One-Line Summary: Production considerations, extensions, and where to go from here with your RAG pipeline.
Prerequisites: All previous steps completed
What You Built
You now have a complete RAG pipeline with a minimal stack:
| Component | Implementation |
|---|---|
| Document loading | Plain Python file reading |
| Chunking | Custom sentence-aware splitter (15 lines) |
| Embeddings | OpenAI text-embedding-3-small (direct API call) |
| Vector storage + search | Supabase with pgvector |
| Generation | Claude via Anthropic SDK |
Four Python packages. No frameworks. No Docker. No separate vector database.
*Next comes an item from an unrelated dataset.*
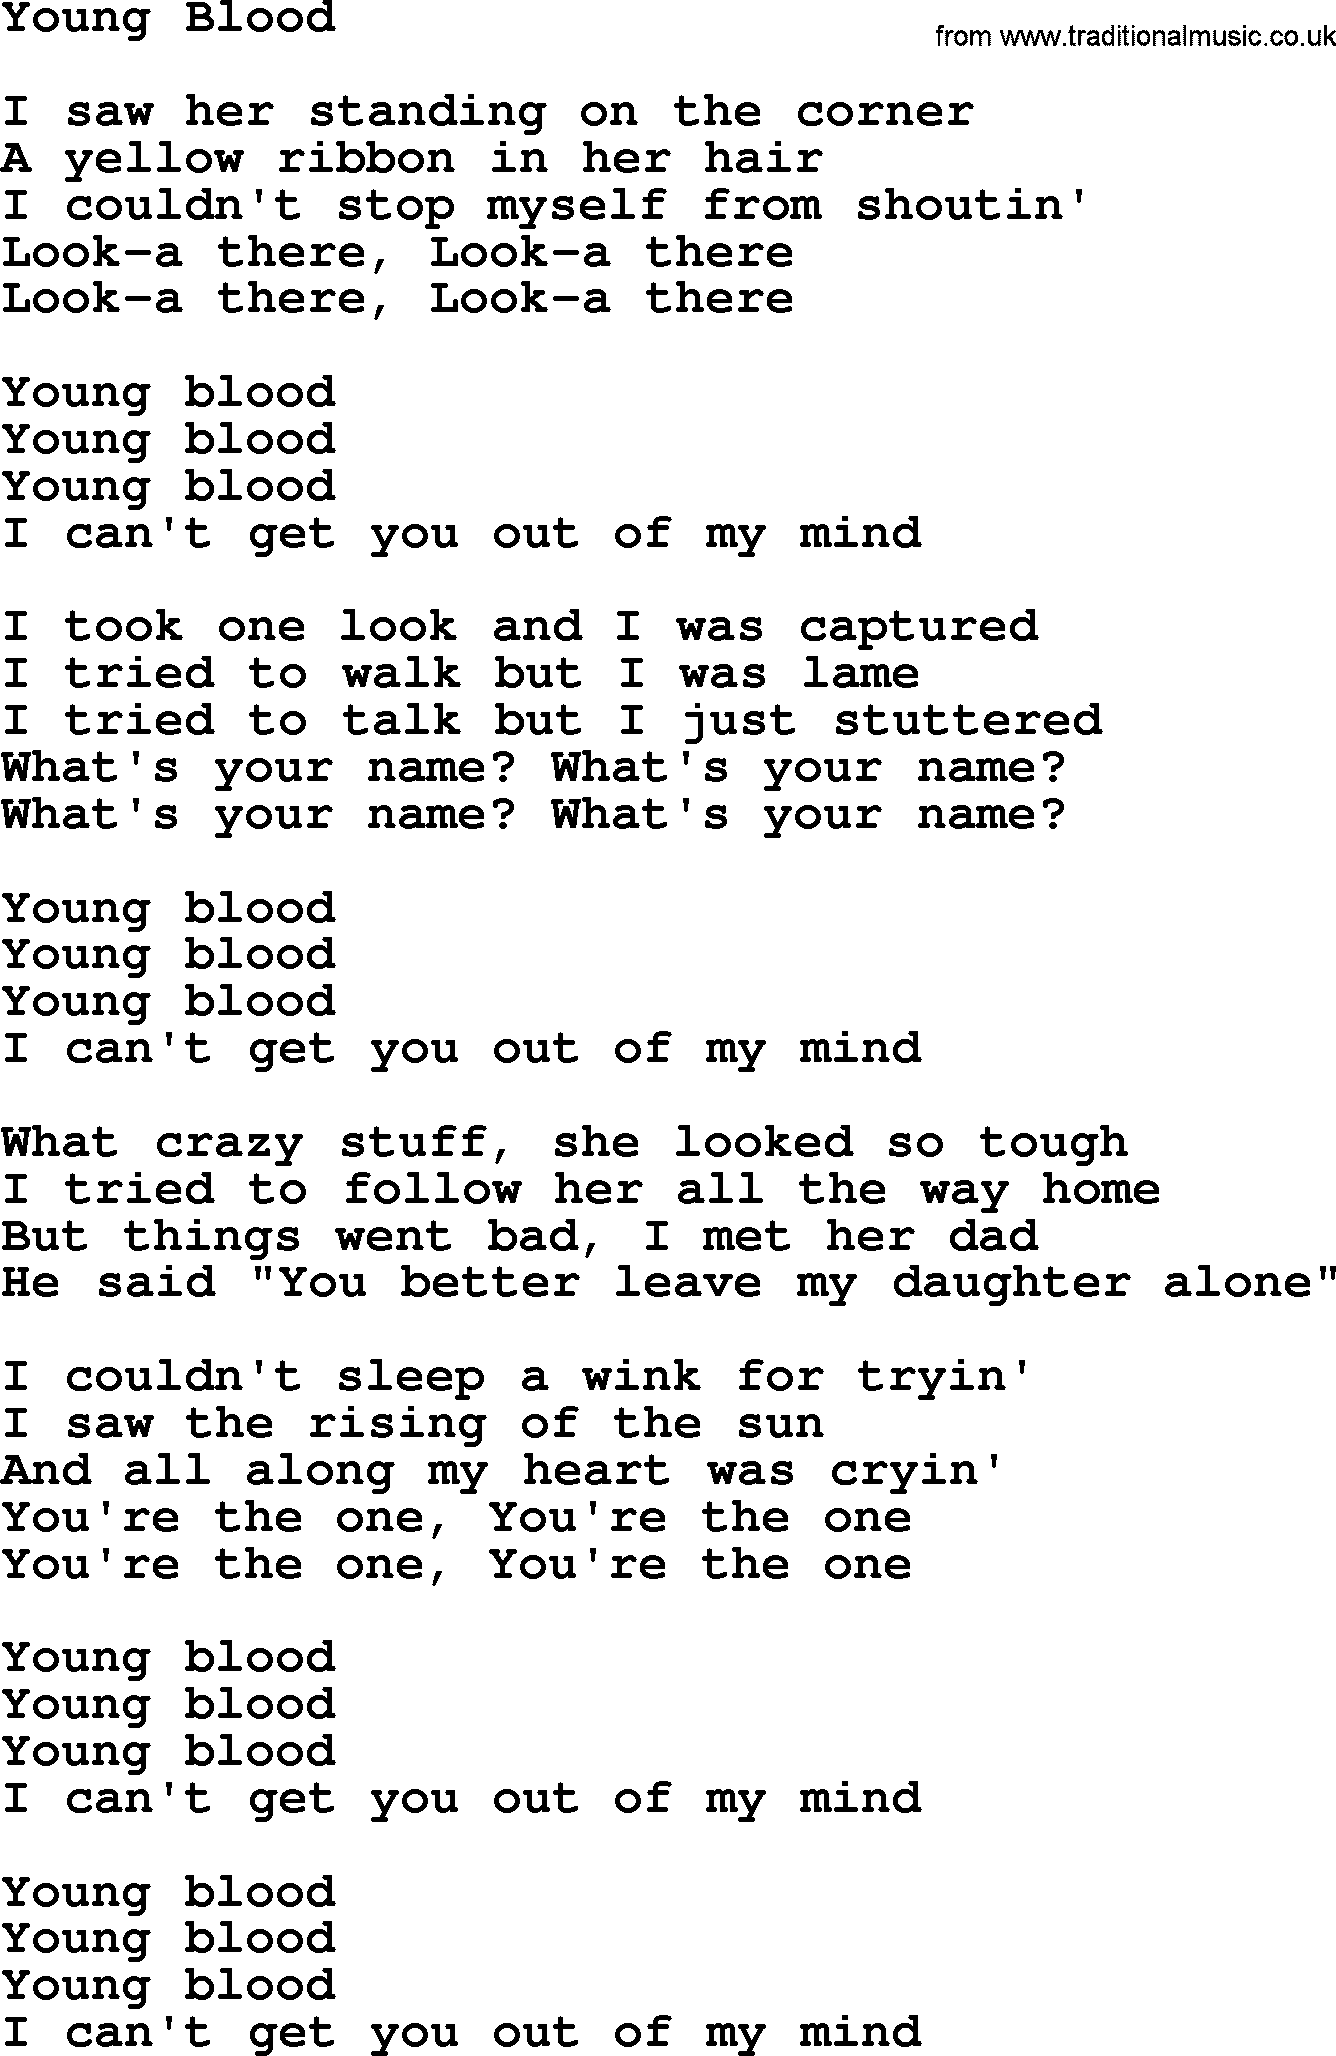 Joan Baez song Young Blood, lyrics

Everything you need for RAG in about 150 lines of code.
Add an API Endpoint
When you are ready to connect a frontend or integrate with other tools, add FastAPI:
pip install fastapi uvicorn# src/api.py
# ==========================================
# Optional: REST API for document Q&A
# ==========================================
from fastapi import FastAPI
from pydantic import BaseModel
from src.query import ask
app = FastAPI(title="Document Q&A API")
class QueryRequest(BaseModel):
question: str
@app.post("/query")
async def query_documents(request: QueryRequest):
result = ask(request.question)
return resultuvicorn src.api:app --host 0.0.0.0 --port 8000That is all you need — FastAPI becomes a thin wrapper around your existing ask() function.
Add PDF Support
Install pypdf and add a loader:
pip install pypdf# Add to src/ingest.py
from pypdf import PdfReader
def load_pdf(file_path):
"""Extract text from a PDF file."""
reader = PdfReader(file_path)
text = ""
for page in reader.pages:
text += page.extract_text() + "\n"
return textThen update load_documents() to handle .pdf files alongside .txt and .md.
Production Considerations
Row Level Security
Supabase supports Row Level Security (RLS) for multi-tenant applications. You can scope document access per user:
-- Enable RLS on the documents table
alter table documents enable row level security;
-- Allow users to only see their own documents
create policy "Users can view their own documents"
on documents for select
using (metadata->>'user_id' = auth.uid()::text);Incremental Ingestion
Right now, ingestion clears all documents and re-inserts. For production, track which files have been indexed:
import hashlib
def file_hash(path):
return hashlib.sha256(path.read_bytes()).hexdigest()Store the hash in the metadata and skip files that have not changed.
Supabase Edge Functions
For a fully serverless deployment, you can move the query logic into a Supabase Edge Function (Deno/TypeScript). This keeps everything — database, vectors, and API — inside the Supabase platform.
Scaling Strategies
Better Retrieval
- Hybrid search — combine vector similarity with full-text search. Supabase supports both pgvector and
tsvectorin the same table. - Re-ranking — after retrieving top-k chunks, use a cross-encoder to re-rank for higher precision.
- Metadata filtering — add filters to narrow search by file type, date, or department.
-- Example: search only within a specific file
select * from match_documents(query_embedding, 5)
where metadata->>'file_name' = 'company-policy.txt';HNSW Index
For larger datasets (100K+ vectors), switch from IVFFlat to HNSW indexing:
-- Drop the old index
drop index documents_embedding_idx;
-- Create an HNSW index (better recall, uses more memory)
create index on documents
using hnsw (embedding vector_cosine_ops);Where to Go From Here
- Add a frontend — build a simple chat interface with React or plain HTML + fetch
- Add conversation memory — store chat history so follow-up questions work
- Try agentic RAG — let Claude decide whether to search, which chunks to use, or whether to ask a clarifying question
- Add more document types — PDFs, web pages, Notion exports
- Evaluate systematically — build a test set of 50+ question-answer pairs and track accuracy over time
You have the foundation. Every production RAG system is built on these same primitives — load, chunk, embed, store, retrieve, generate. The rest is iteration.